The woman held her finger up to her lips as if to say, “Shhh, don’t tell,” then she waved to my daughter.

When the ferry touched the dock and people started rushing about with anticipation, I nearly did the Charleston myself. Charles put Marlena down, and she and I held playful hands as we joined a line of people exiting the ferry. We bumped into the woman who had been whispering into Marlena’s ear and she winked at my daughter.

“What was that woman whispering to you about?” I asked.

“It’s a secret,” she answered coyly.

I shook my head and looked her straight in the eyes. “I’m your mother,” I said. “And that woman was a stranger. You will tell me what she said.”

“I can’t tell you.”

“Why not?” I asked.

“It’s none of your beeswax,” she said, sounding way too old for her age and making me feel too old to deal with her.

“Marlena,” I scolded. “A young lady respects her mother.”

She rolled her eyes and said, “If I tell you, it will ruin my destiny. If I tell you, I won’t be famous.”

“What on God’s Earth are you talking about?” I asked.

“I don’t know.”

“Fine,” I snapped. “If you don’t tell me everything right this moment, you won’t get to search for shells or walk the beach or do anything with us as a family, do you hear?”

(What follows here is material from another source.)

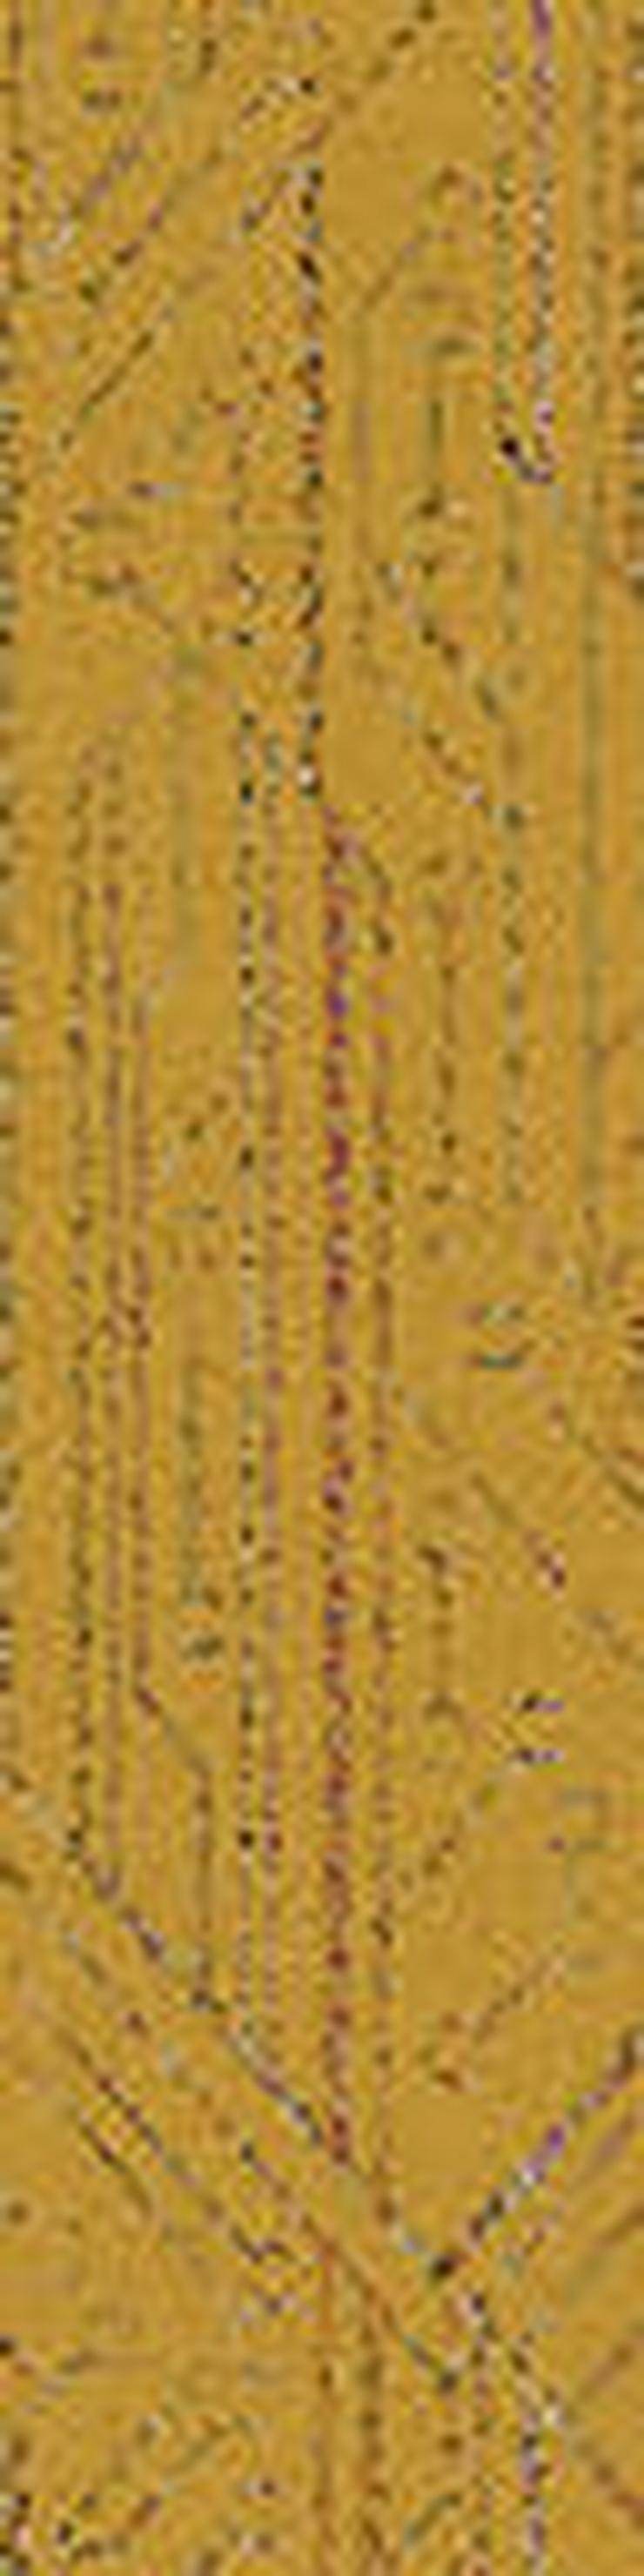 Jetzt im Angebot: Schöne gelbe 25X100cm Interface Teppichfliesen - Teppiche - Bild 3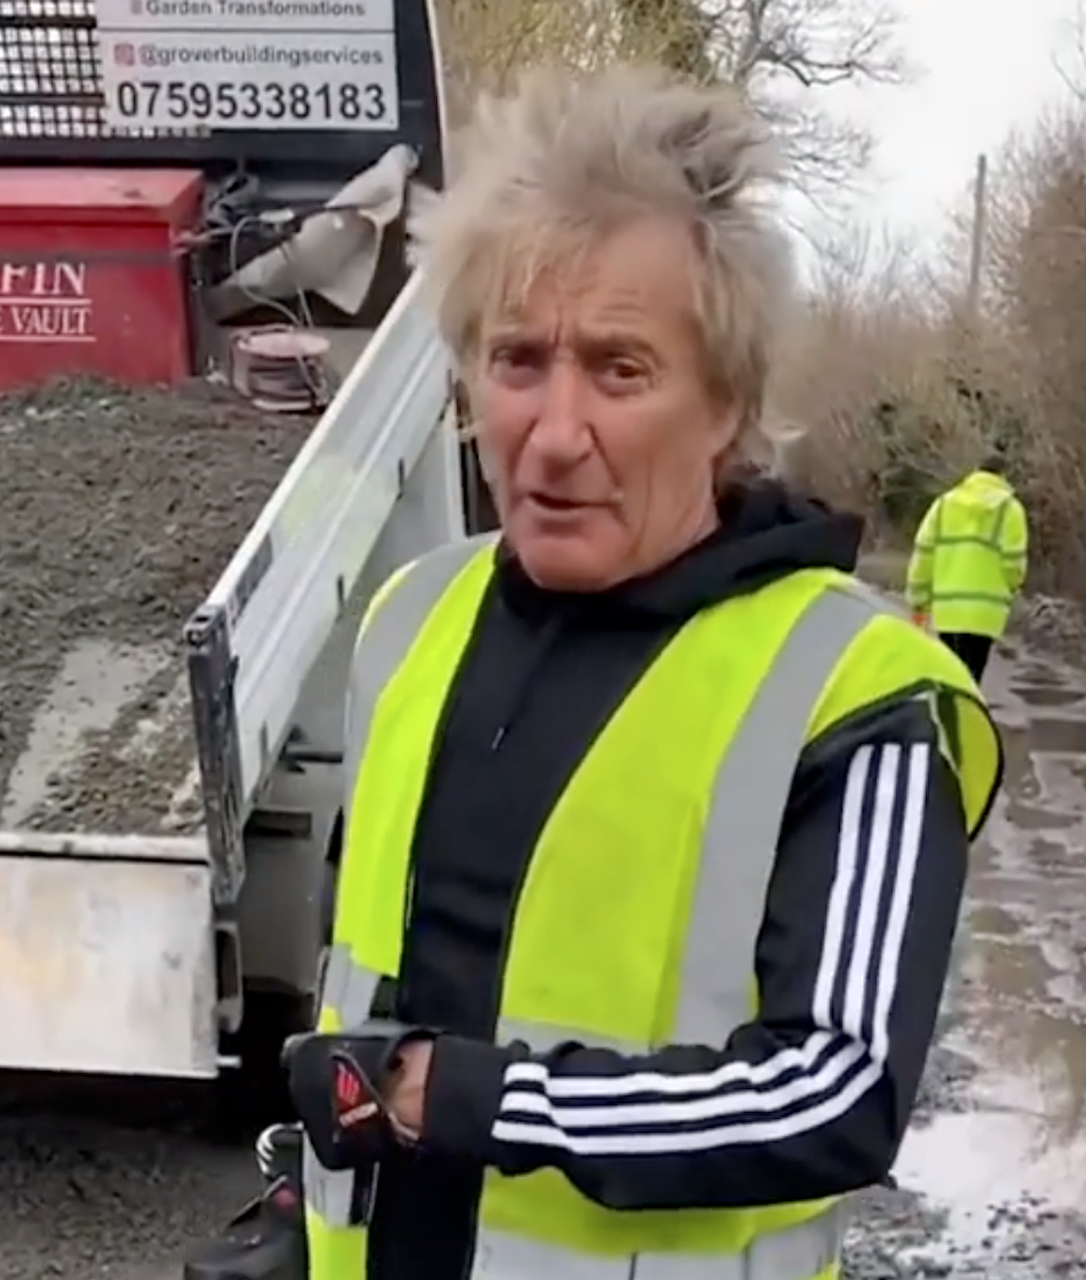 Rod stewart fixing a pothole

By this time we were stepping foot off the ferry, and I was questioning God for giving me a daughter so late in life. I did that from time to time, whenever she acted up. Most of the time, though, she didn’t act like this and I thanked God for giving me a daughter so late in life.

When I noticed her eyes moving about in a creative way, as if she were thinking about the seashell mirror she wanted to make, I knew she was about to give in and tell me what the woman had said to her.

“The lady told me that one day I would be famous.”

“Famous?” asked Jonathon, walking close behind us and listening unbeknownst to us. “For what?”

Marlena stopped at the end of the dock, just before stepping foot onto the east end of Ferry Road. “The lady on the ferry liked the way I danced. And when I finished, she said that I would be famous, more than Lucky Lindy himself, and she said that I would be rich, not from the stock market, but from my fame. Do you think I could be richer than all three of my brothers?” She looked at me for the answer. “I don’t doubt, Marlena, that you’re just as adventurous and invincible as Lindbergh,” said Charles. “But tell us, what would you be famous for?”